Game 1 of the NLCS is Saturday at Wrigley Field against either the Nationals or Dodgers on FS1 at 8 p.m. ET/7 p.m. CT.
"Once we got to the bullpen," bench coach Dave Martinez said, "we felt we had a chance to do something."
It took the Cubs nine innings to get there, as Giants starter Matt Moore dazzled while holding Chicago to two hits over eight innings. But with his pitch count at 120, Giants manager Bruce Bochy turned to a bullpen that had blown 31 saves this year and had no trusted closer.

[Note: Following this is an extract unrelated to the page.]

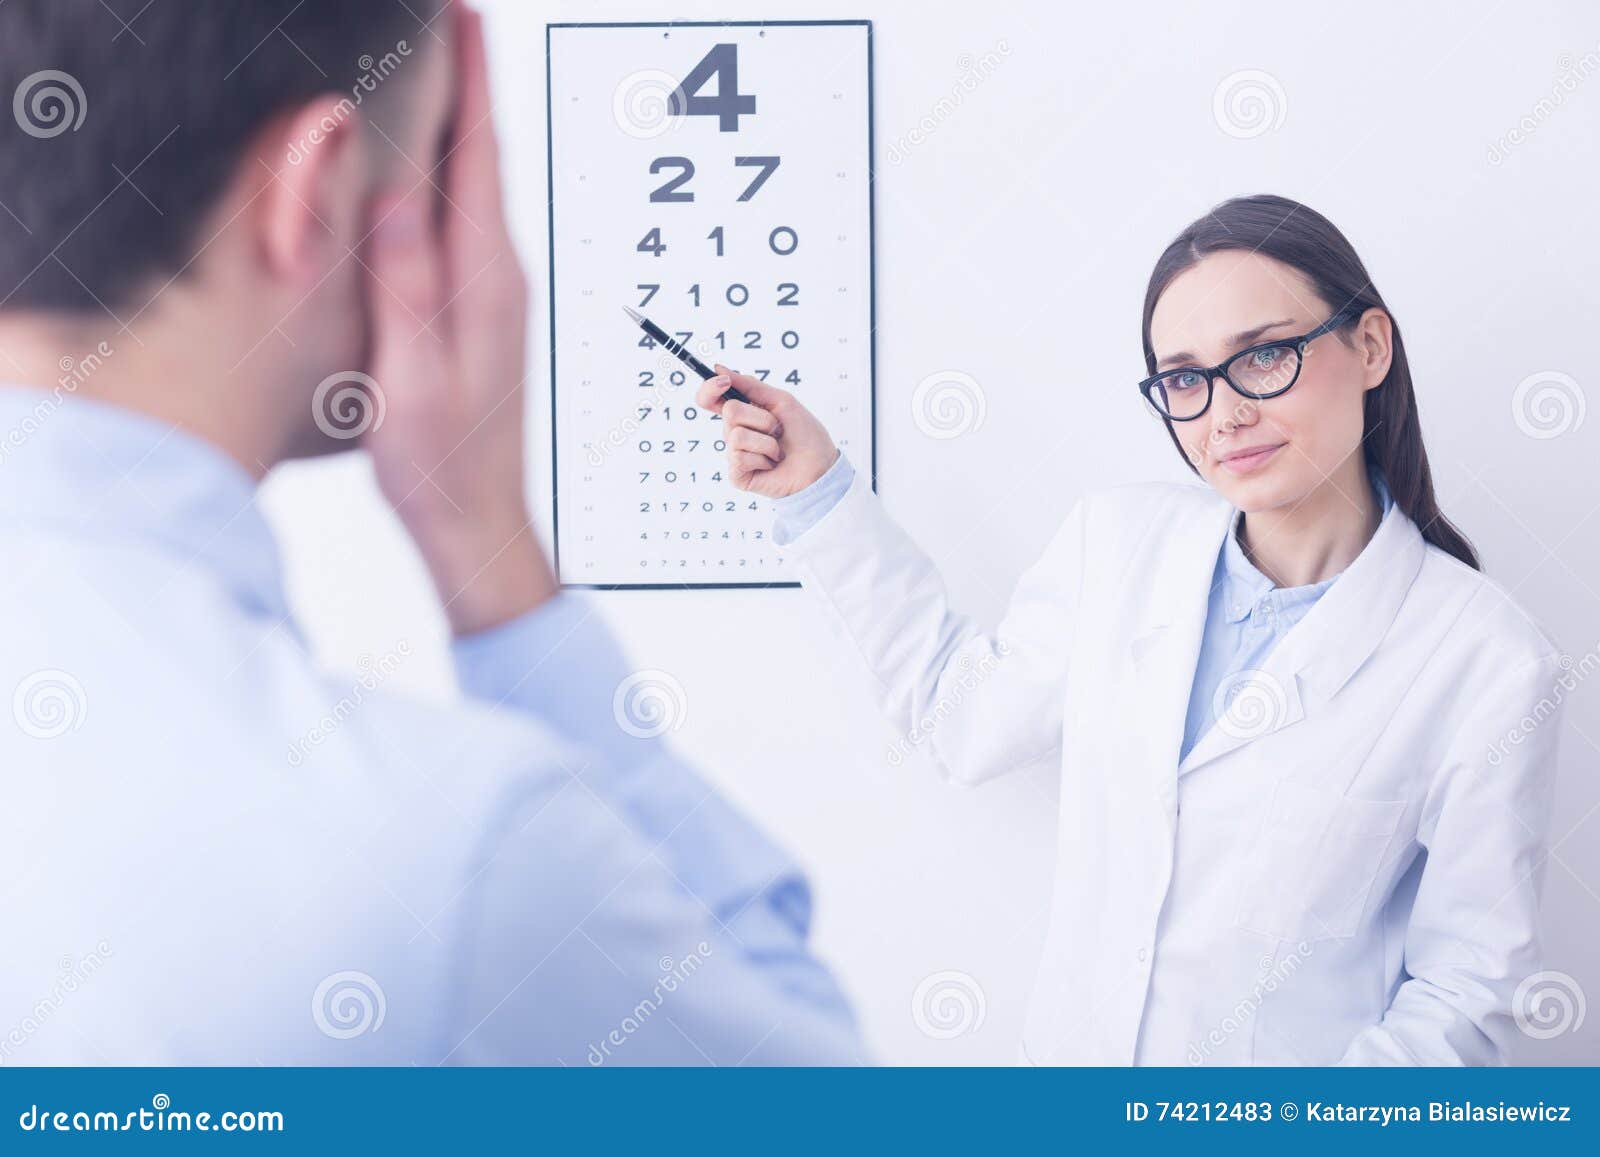 check your vision at doctor's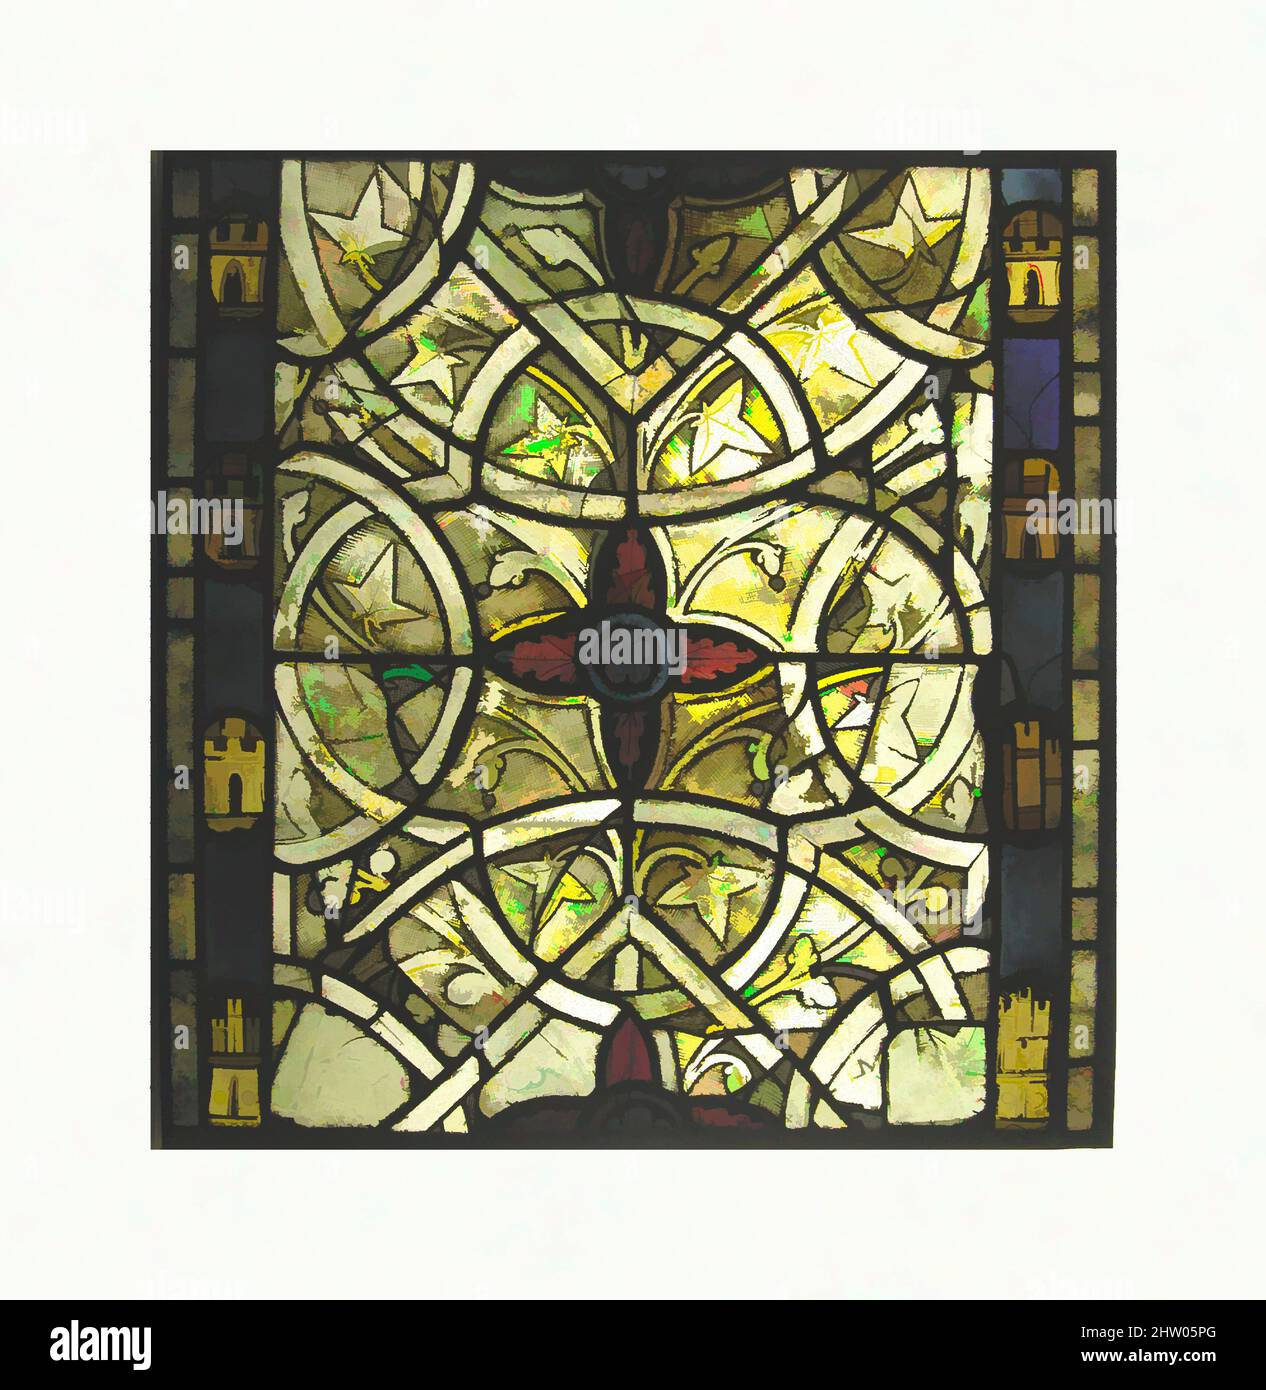 Art inspired by Grisaille Panel, ca. 1265, Made in Rouen, Normandy, France, French, White glass, pot-metal glass, and vitreous paint, Overall: 23 1/4 x 20 11/16 in. (59 x 52.6 cm), Glass-Stained, These grisaille panels are part of a set of eight once in three different chapels at the, Classic works modernized by Artotop with a splash of modernity. Shapes, color and value, eye-catching visual impact on art. Emotions through freedom of artworks in a contemporary way. A timeless message pursuing a wildly creative new direction. Artists turning to the digital medium and creating the Artotop NFT Stock Photo

Gif: Cubs dugout goes crazy
He'd summon four pitchers to face the Cubs' first four ninth-inning hitters, none of which would be retired. Kris Bryant foiled the shift to open the inning with a single off Derek Law. Anthony Rizzo, who hadn't reached base in the first three games of the series, did so for the third time Tuesday by drawing a walk off Javier López.
Sergio Romo entered next and allowed an RBI double to Ben Zobrist that pulled Chicago to within two.
"We've lived by the home run a lot this year, but you really can't do that in the postseason," Zobrist said. "To get several base hits in a row, a walk in there, passing the baton -- that's huge confidence for our offense."
Shortstop Addison Russell was due up next, but manager Joe Maddon didn't like the matchup. He sent Chris Coghlan to the plate as a strategic play, believing that would prompt Bochy to pull Romo. It did. In came Will Smith, and out went Willson Contreras to pinch-hit instead of Coghlan.
"We had it all laid out before the inning began," Maddon said. "If this happened, this is what we're going to do."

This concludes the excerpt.